> [TO DO]:
Retype the lines of the listing below exactly, but only those from the one containing "Et par lilla, blå" through the last line; pictures stay out.

──────── GIVEN MATERIAL ────────

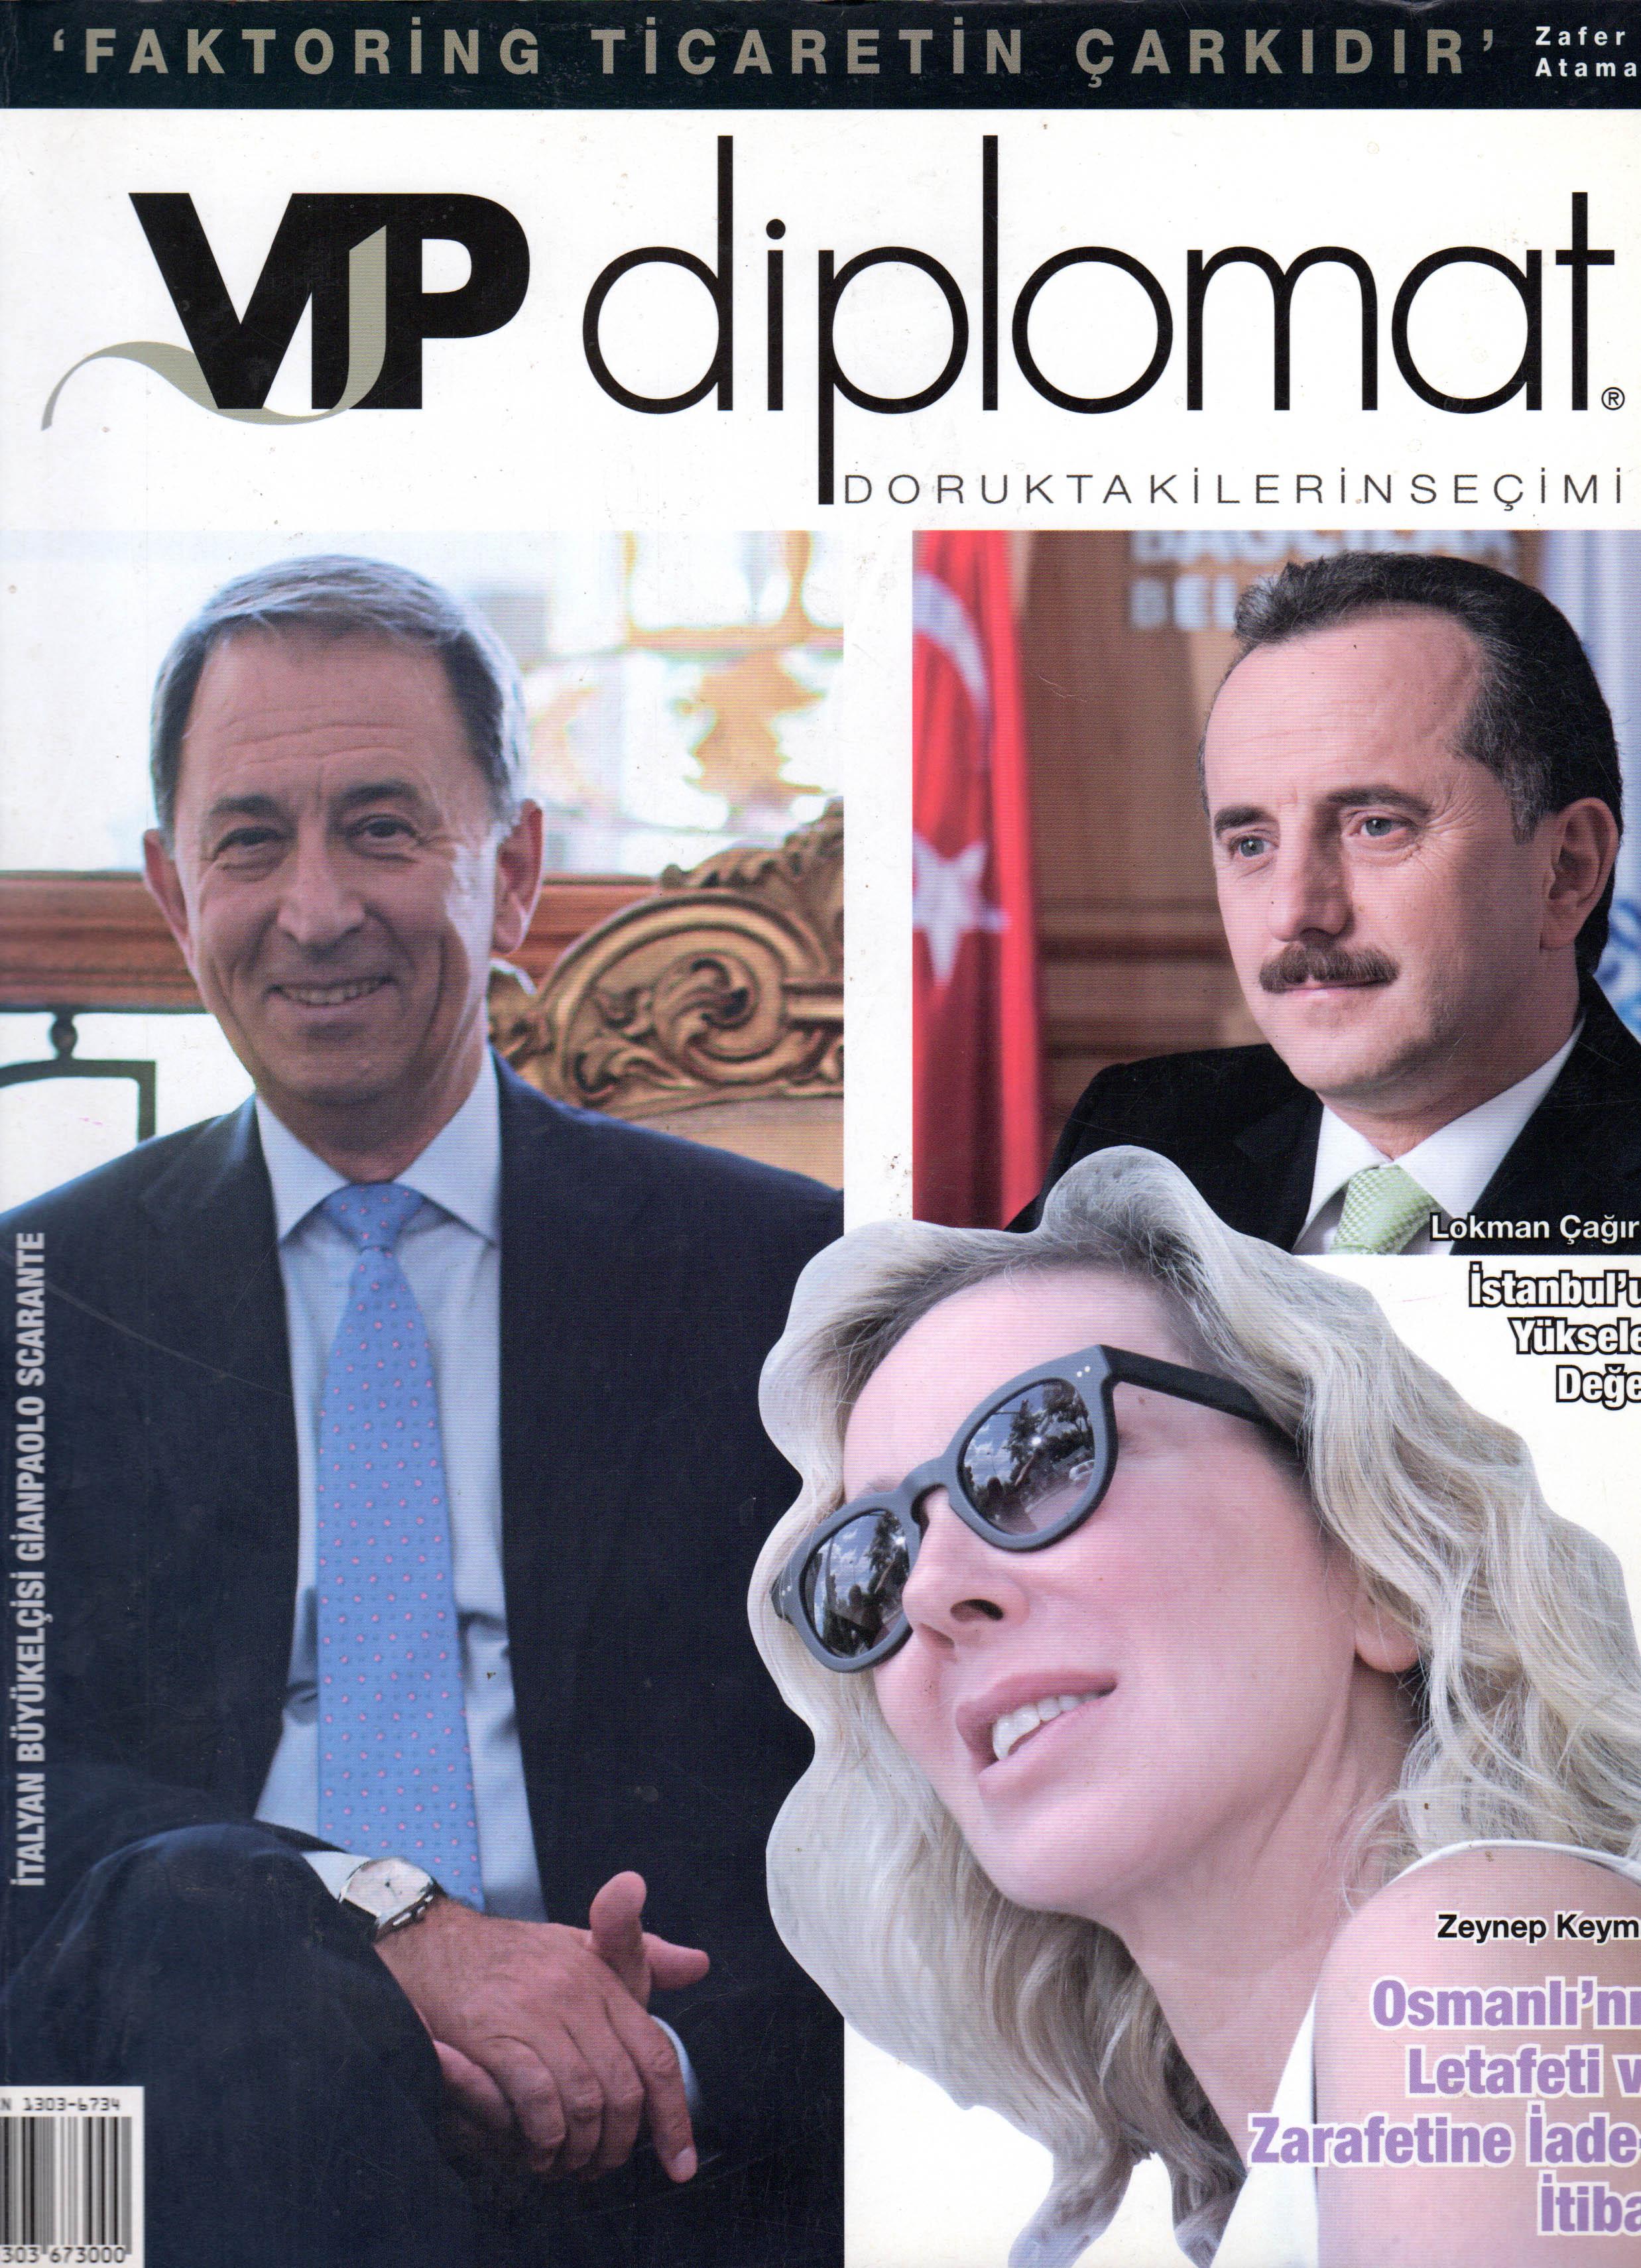 VIP diplomat cover_2012.09
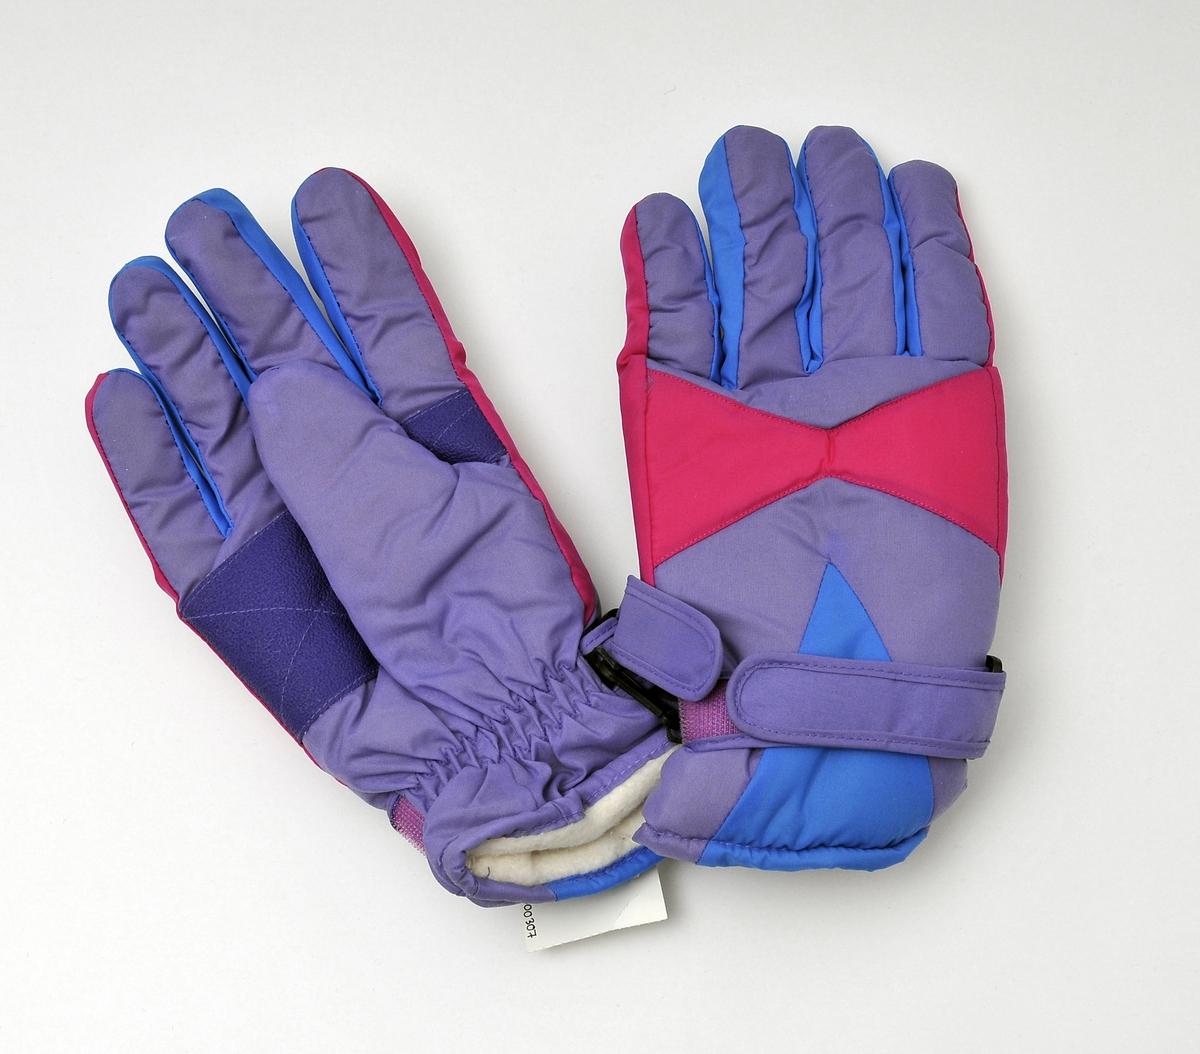 Et par lilla, blå og cerise skihansker for ungdom. gummiert flate inni handa, for bedre grep. Borrelås rundt handleddet, for å kunne stramme.
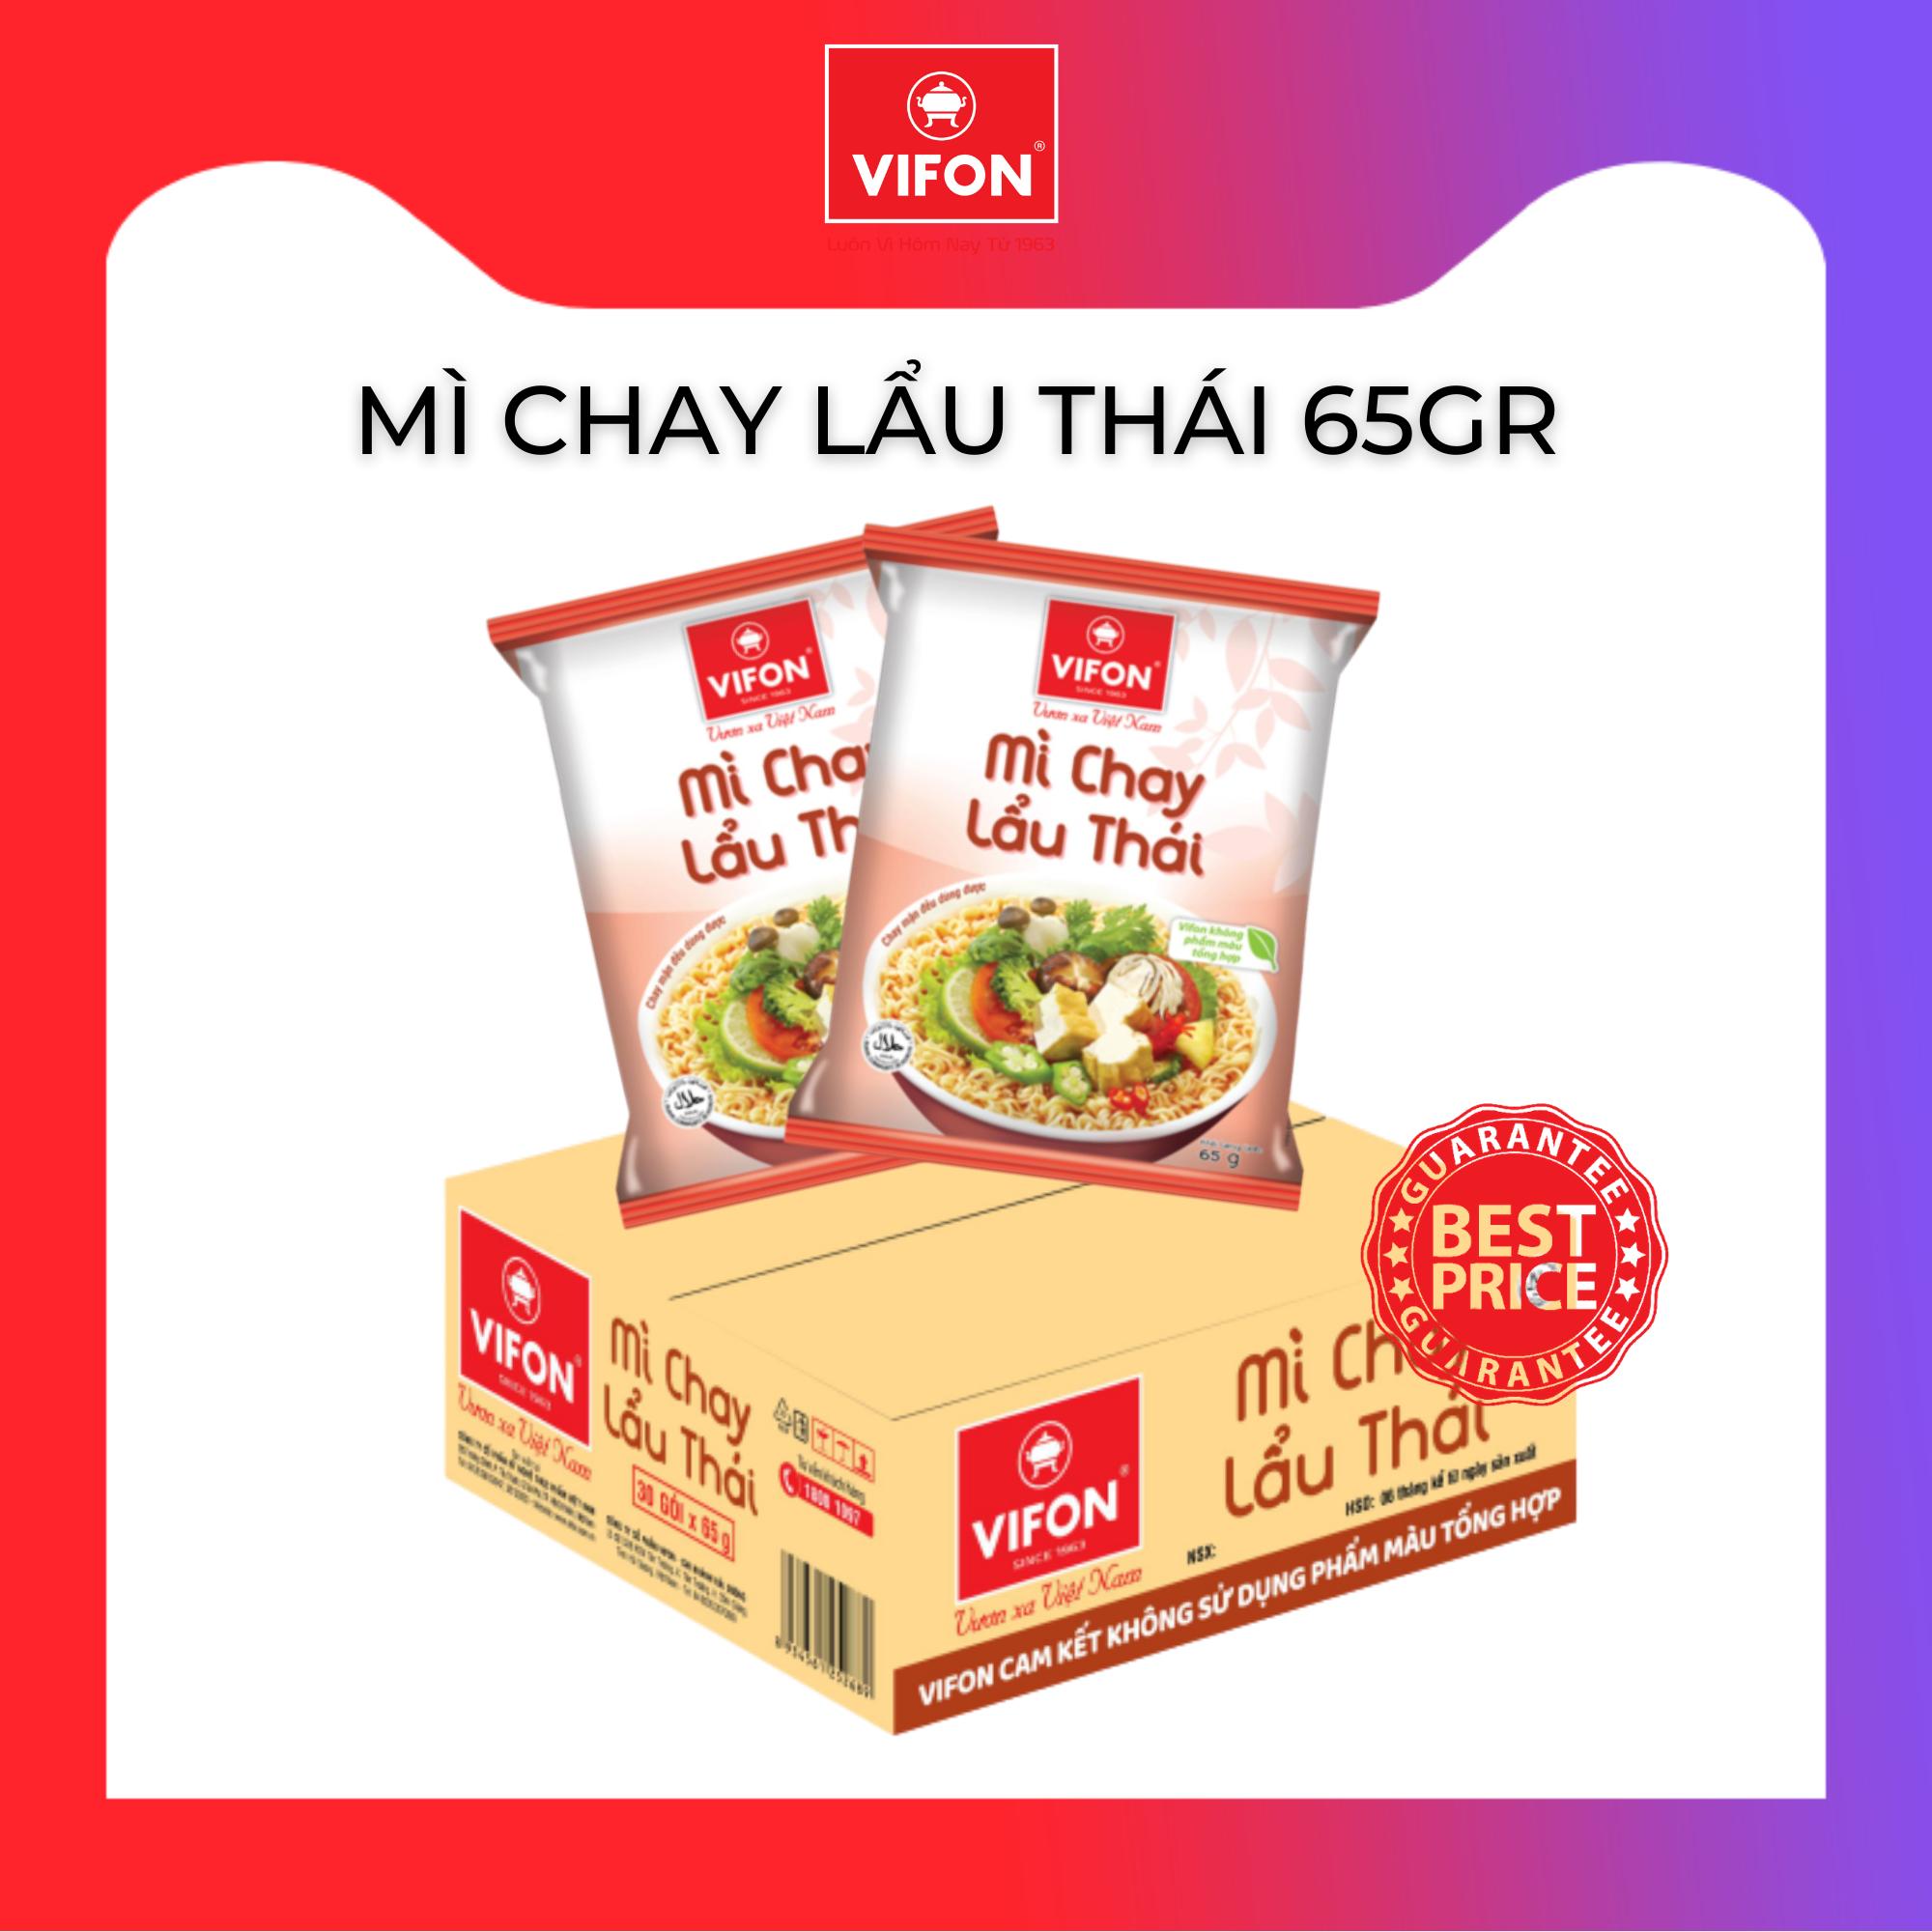 Thùng 30 Gói Mì Chay Lẩu Thái VIFON 65g

────────

> [ANSWER BOX]:
 Et par lilla, blå og cerise skihansker for ungdom. gummiert flate inni handa, for bedre grep. Borrelås rundt handleddet, for å kunne stramme.
 Thùng 30 Gói Mì Chay Lẩu Thái VIFON 65g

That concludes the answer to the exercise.